Matt Miwa was born in North York, Ontario but grew up in Aurora, Ontario, 40 minutes north of Toronto. With his mother’s family living in the United States, Matt grew up surrounded mostly by his Japanese Canadian extended family (his father’s side), getting together annually for every single holiday – New Years, Easter, Mother’s Day, Father’s Day, Thanksgiving and Christmas. Japanese Family get-togethers were a smorgasbord of Japanese mixed with white people food, rice bags eaten alongside turkey and potato salad; salted salmon gobbled alongside pistachio pudding and Cool Whip “green stuff.” These gatherings were loud, boisterous, and graciously and expertly hosted by his family’s matriarchs, Matt’s grandmother Rae, and her two sisters, Etsy and Kazie, who could cackle the house down. Matt’s Issei great-grandparents, two baachans and one geechan, lived into Matt’s mid-twenties, and although their English was poor, he enjoyed (and enjoys) a strong connection to them.

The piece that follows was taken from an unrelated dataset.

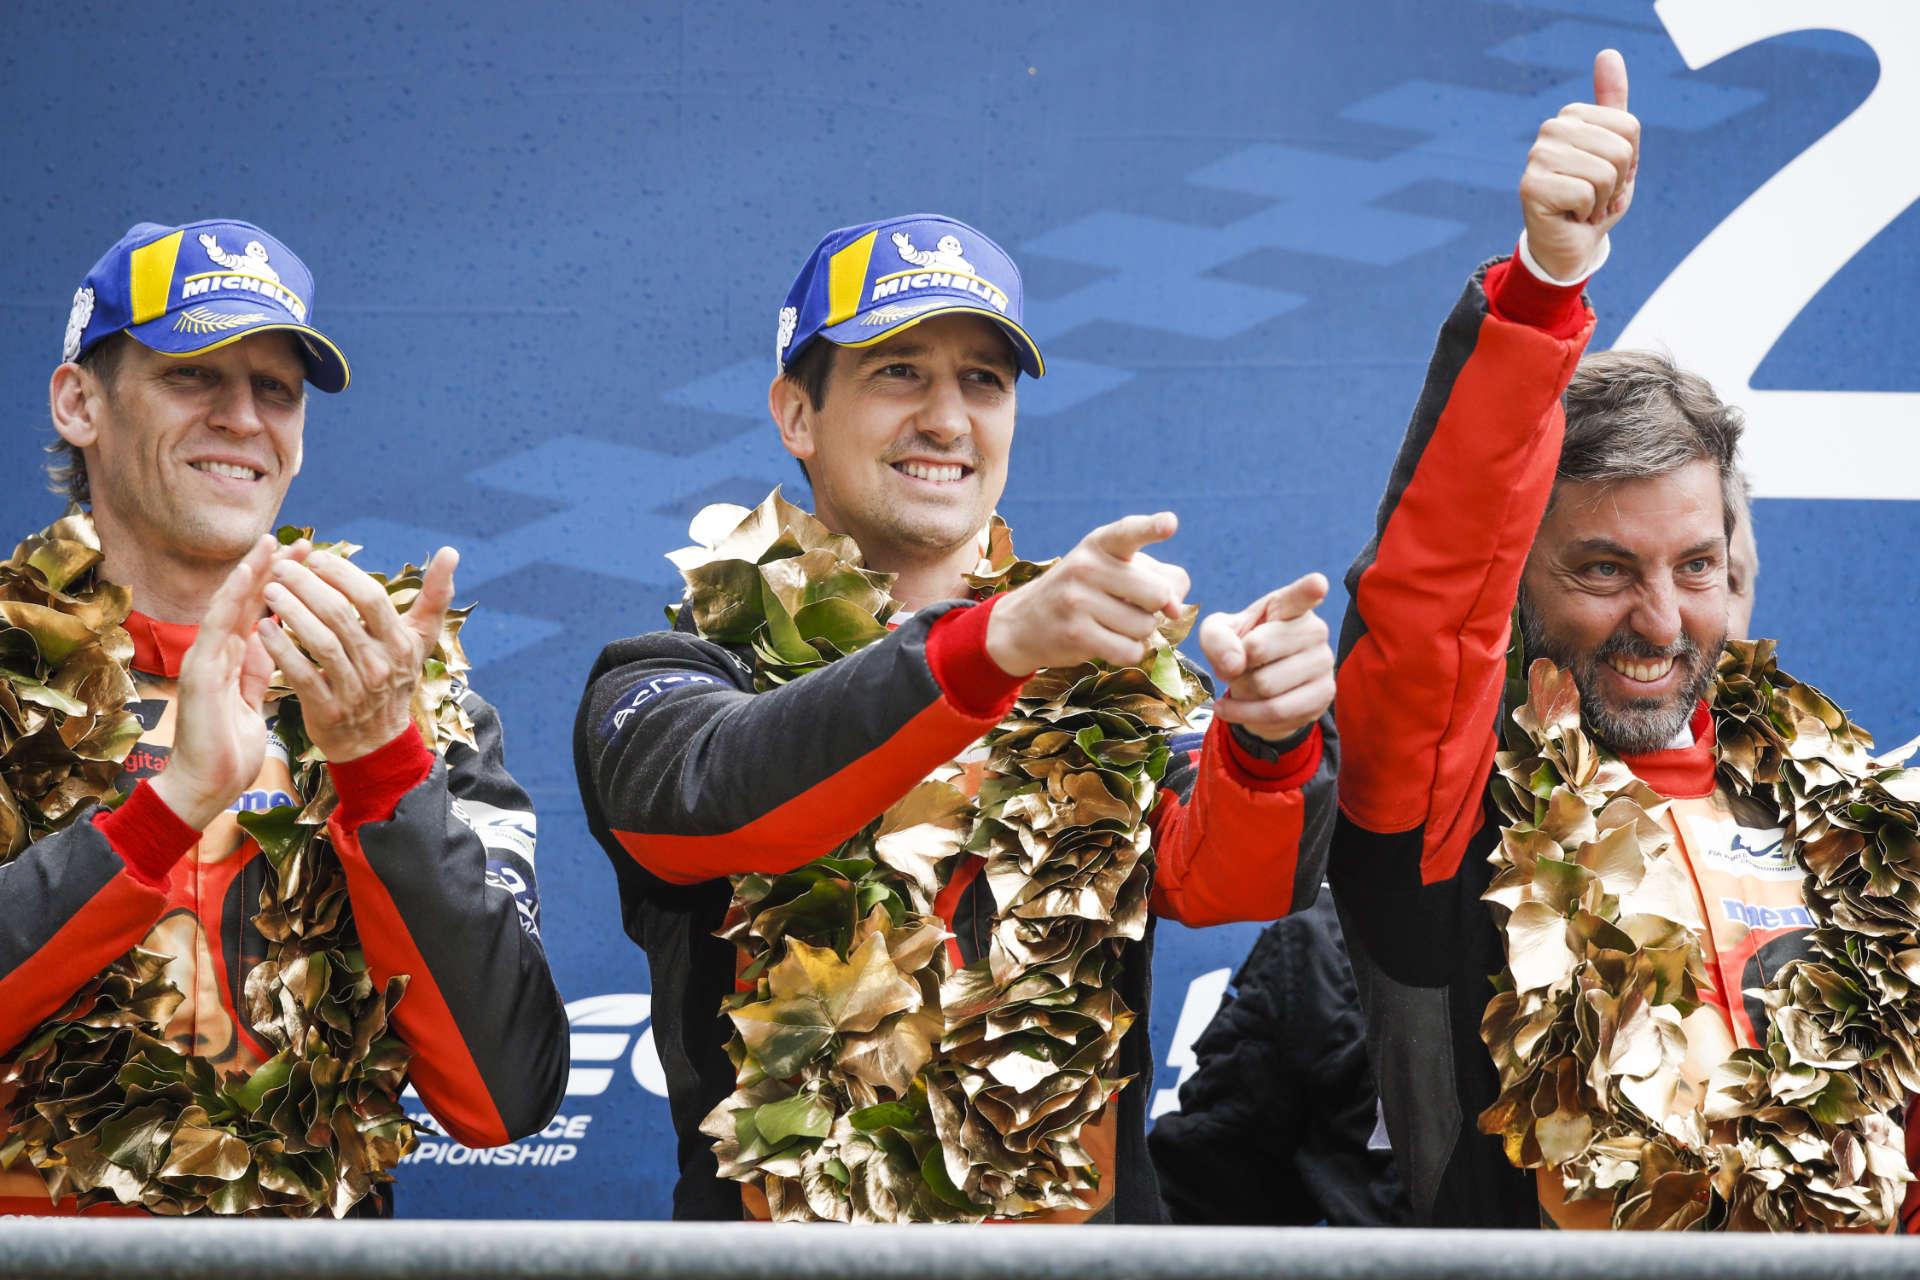 Jörg Bergmeister, Patrick Lindsey und Egidio Perfetti in Le Mans 2019

Being half-Japanese, Matt’s ethnicity is subject to much ambiguity and so he has never suffered any outward consequences, positive or negative regarding his heritage. Japanese has been (and still can be) a secret identity for Matt.
This dynamic changed when Matt met fellow theatre artist Julie Tamiko Manning when they were each cast in A Christmas Carol and Mother Courage at the National Arts Centre’s English Theatre in Ottawa. Julie gently and courageously encouraged Matt to team up with her to confront their Japanese heritage and the legacy of silence surrounding internment that they had grown up with.
Beginning with family, then family friends, and eventually total strangers, Matt and Julie travelled across Canada to interview our country’s Nisei, and to hear their personal histories. After a decade of collaboration, and through the generosity and trust of their Nisei interviewees, Matt and Julie mounted The Tashme Project: The Living Archives, their love letter to Nisei spirit, language and history, again travelling the country to present this play.
Before embarking on this wonderful project, Matt had absolutely no contact with Japanese and Japanese Canadian communities outside his family, but emersion into this history, his heritage and after hanging out with so many Japanese people and Loving it! Matt joined the board of the Ottawa Japanese Community Association in 2014 and now proudly serves as its Vice-President.
Otherwise, Matt is a theatre, performance and video artist based in Ottawa Ontario, where he works to build bridges and collaboration between various cultural communities: Japanese, French and English language, etch. Lastly Matt is a modest tenor 2 in the Coeur gaie d’Ottawa Gay Men’s Chorus.